Maybe this is true at Harvard and U.C. Berkeley (where the authors teach), but religious true believers are plentiful elsewhere in the United States, even here in less churchy Oregon.

So while some people surely are drifting aimlessly in a boundless ocean of godless choices, many others believe that they're being propelled along a straight and narrow sea lane with the Supreme Being guiding their course.

I'm familiar with both nautical analogies, which were very real to me when I held fast to them. In college I was an enthusiastic existentialist, devouring Sartre, Camus, and all that existence precedes essence stuff; meaning was to be made by me. Then I embraced an Indian guru; I had faith that my karma and the Master's grace jointly determined everything that happened to me.

Now, I resonate with how "All Things Shining" views a vibrant way of living. After discounting excessive self-confidence as a foundation for one's existence, the authors say:

In contrast with this, a genuine confidence of the sort that seems to have directed Mr. Autrey's actions is driven not by some internal set of thoughts or desires, nor by a calculated set of plans or principles.

Indeed, as in the case of Mr. Autrey, it is experienced as confidence drawn forth by something outside of oneself. It is grounded in the way things actually are, not in the confident person's perhaps self-serving characterization of them. The genuinely confident agent does not manufacture confidence, but receives it from the circumstances.

Dreyfus and Kelly then relate how Bill Bradley was able to! perform amazing feats on the basketball court, both as a college player and pro, such as when he played against the top-ranked team in the nation at Madison Square Garden, scoring forty-one points.

Greatness of this sort is nearly mystical to apprehend. It is characterized by the kind of sustained responsiveness to the situation that the Subway Hero embodied when he leapt onto the tracks.

It is unflinching, unhesitating, and unwavering, and it has these certain qualities precisely because the activity flows not from the agent but through him.
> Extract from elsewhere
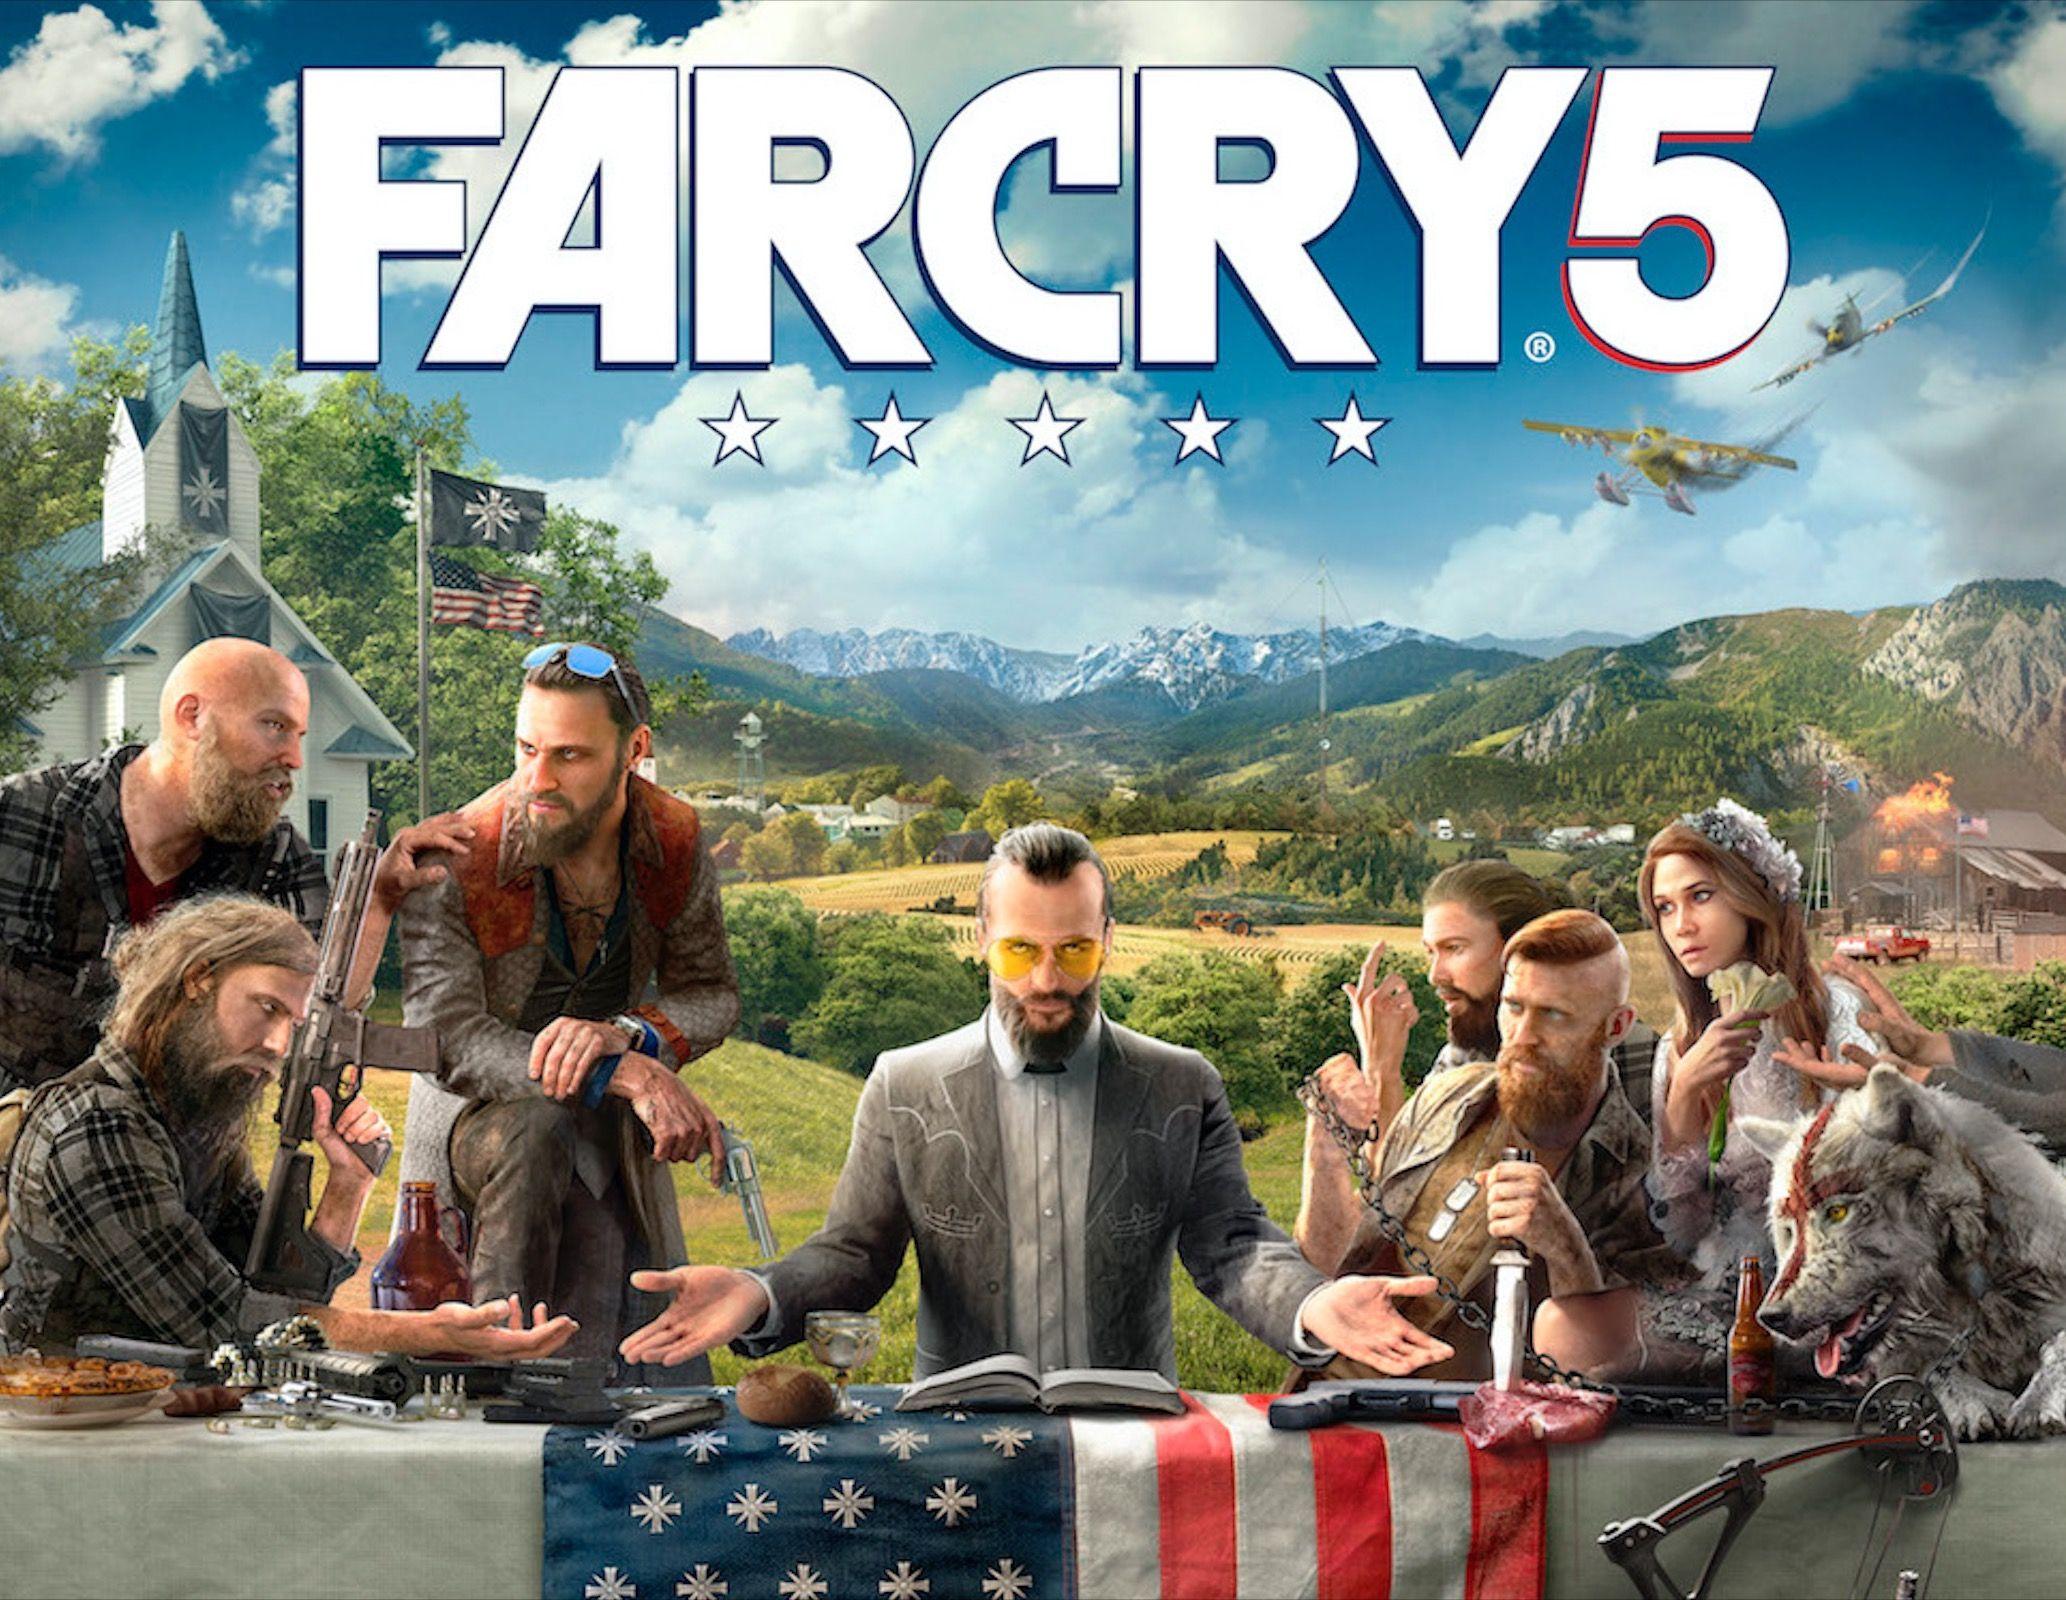 Far Cry 5 Svelata La Prima Immagine Ufficiale Gamesblog It Far Cry 5 Far Cry 5 Ps4 Far Cry 5 Game

As a spectator of heroic activity one has the sense of watching something nearly inevitable, as though it is ordained by some force beyond the mere whim of human self-assertion.
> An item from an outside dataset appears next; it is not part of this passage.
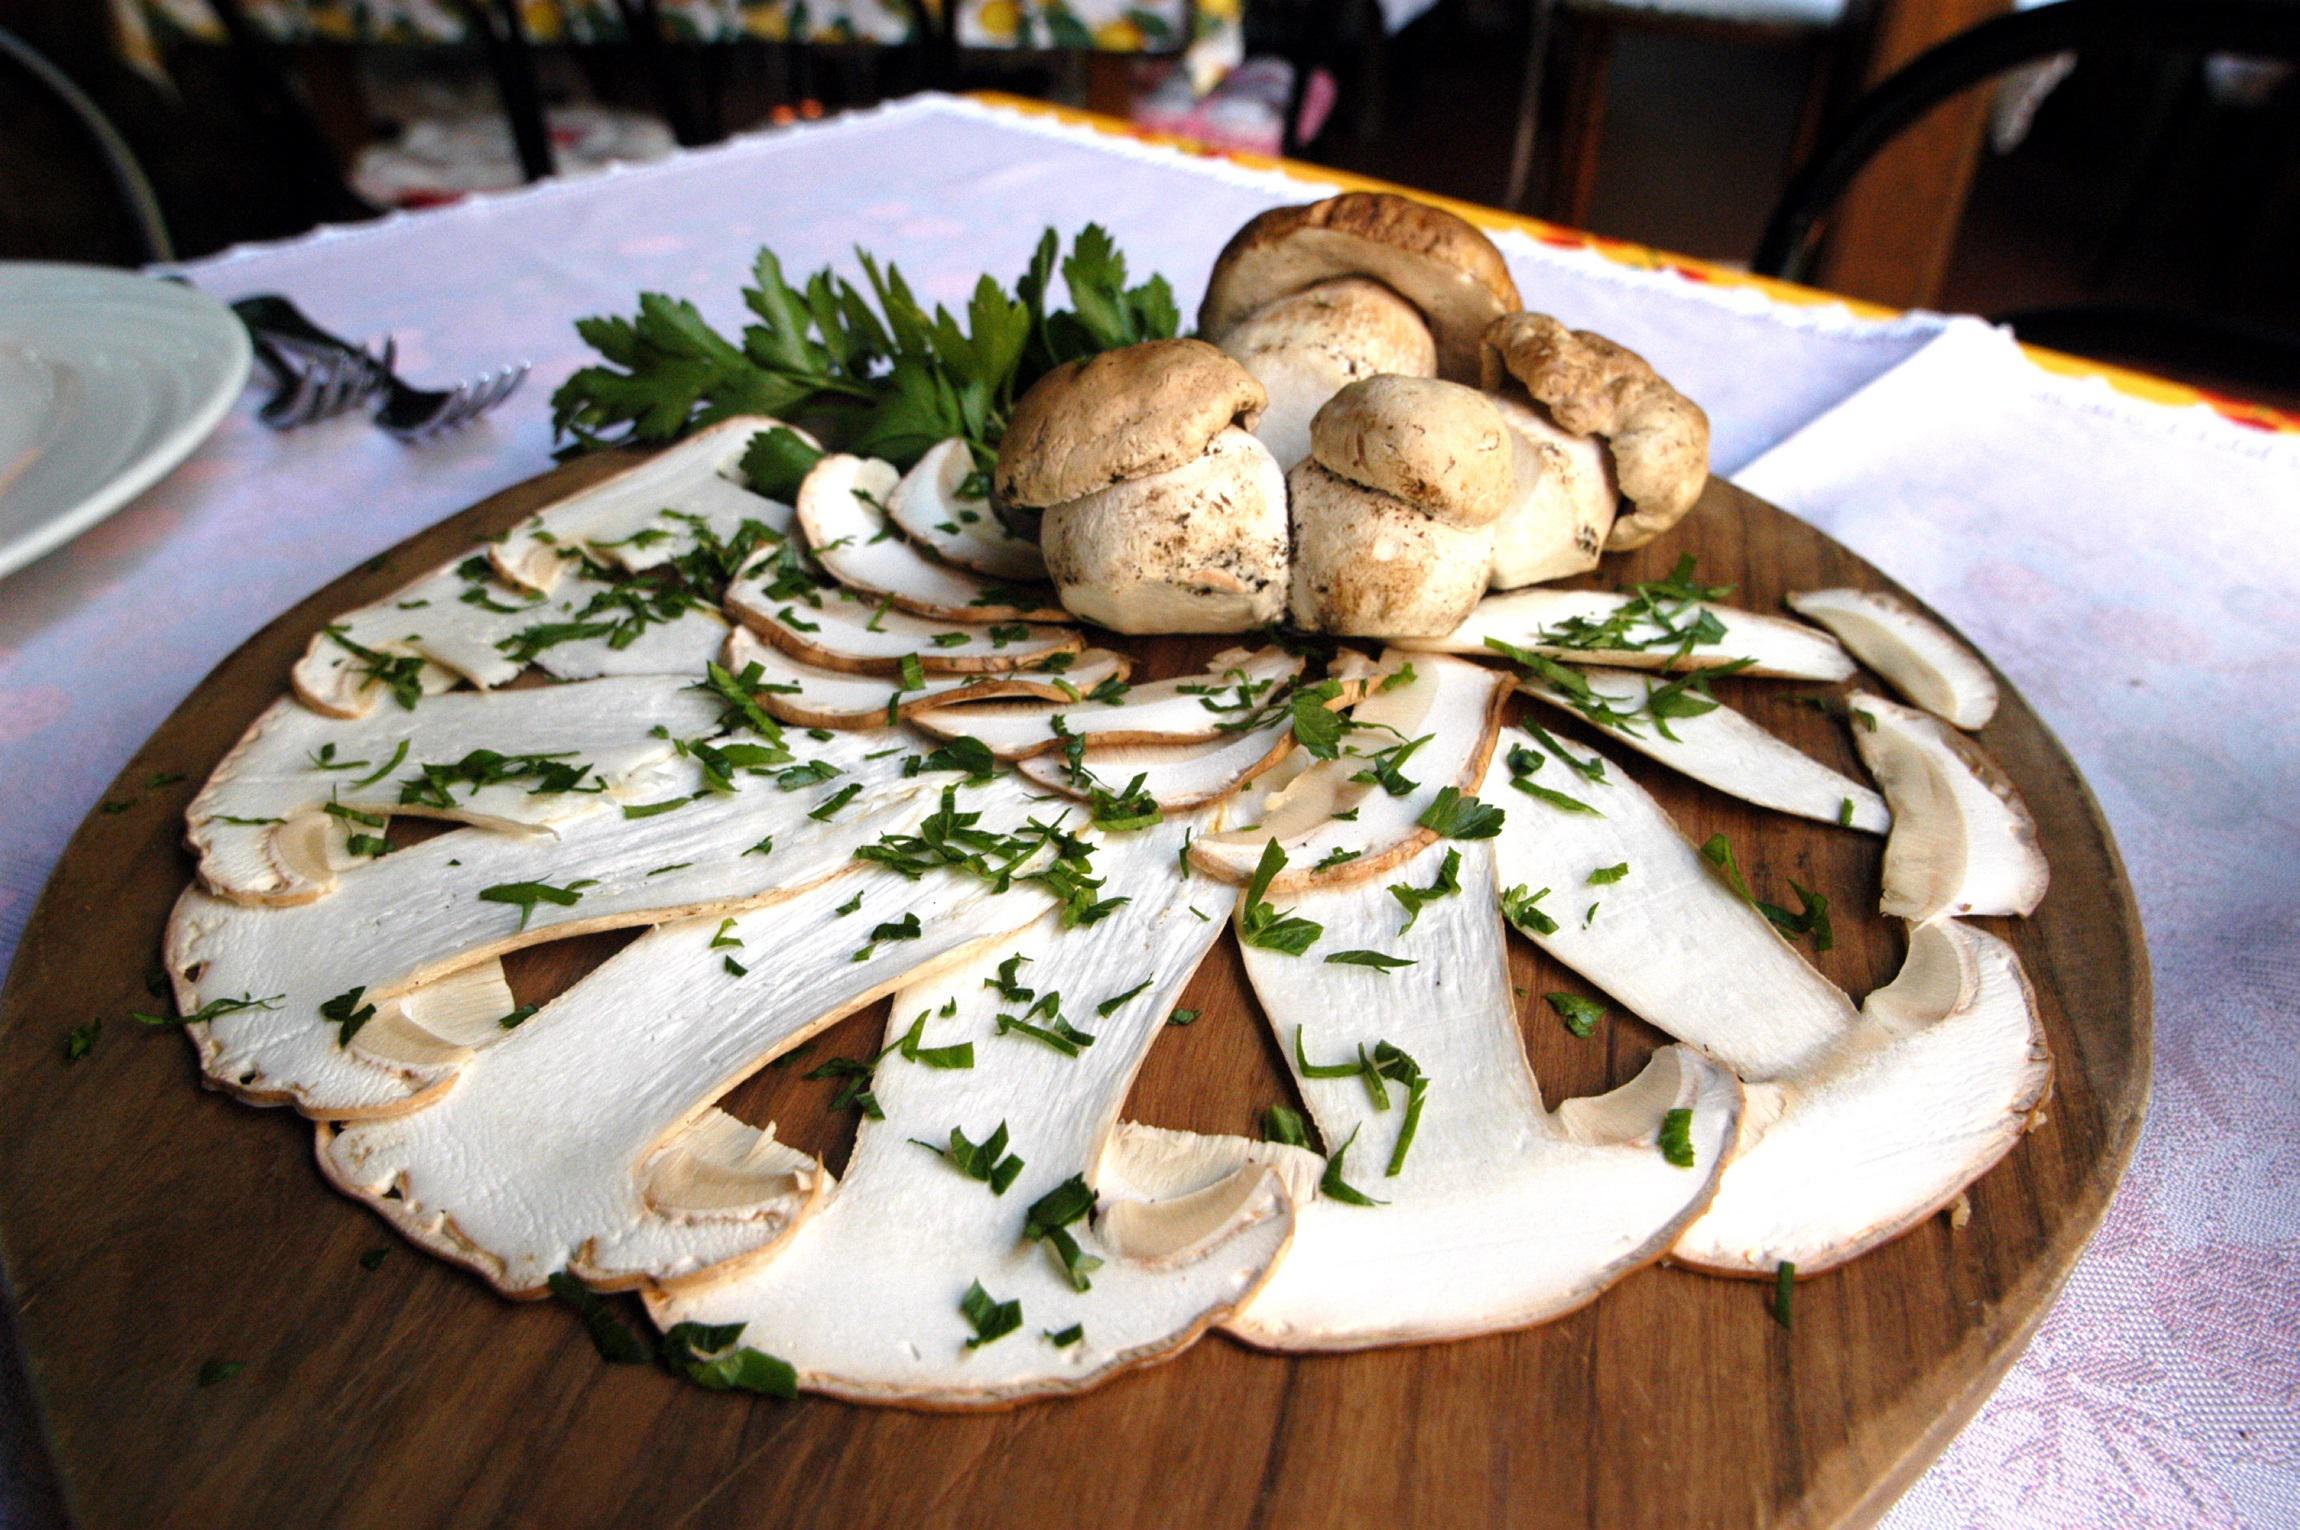 La pioggia una manna per i funghi, con stagione avara fino a 30 euro al chilo

Such moments are at the extreme of shining. But there is an entire spectrum of luminosity available to us. We just have to stop looking for something other than what is right in front of our eyes.

In the course of discussing "Moby Dick," the authors say:

This ability to live at the surface, to take the events of daily life with the meanings they present rather than to seek their hidden purpose, to find happiness and joy in what there already is, finds its easiest expression in a pre-Christian age. Indeed, not just a pre-Christian age, but a pre-Buddhist, pre-Platonic, pre-Hinduist, and pre-Confucian one as well.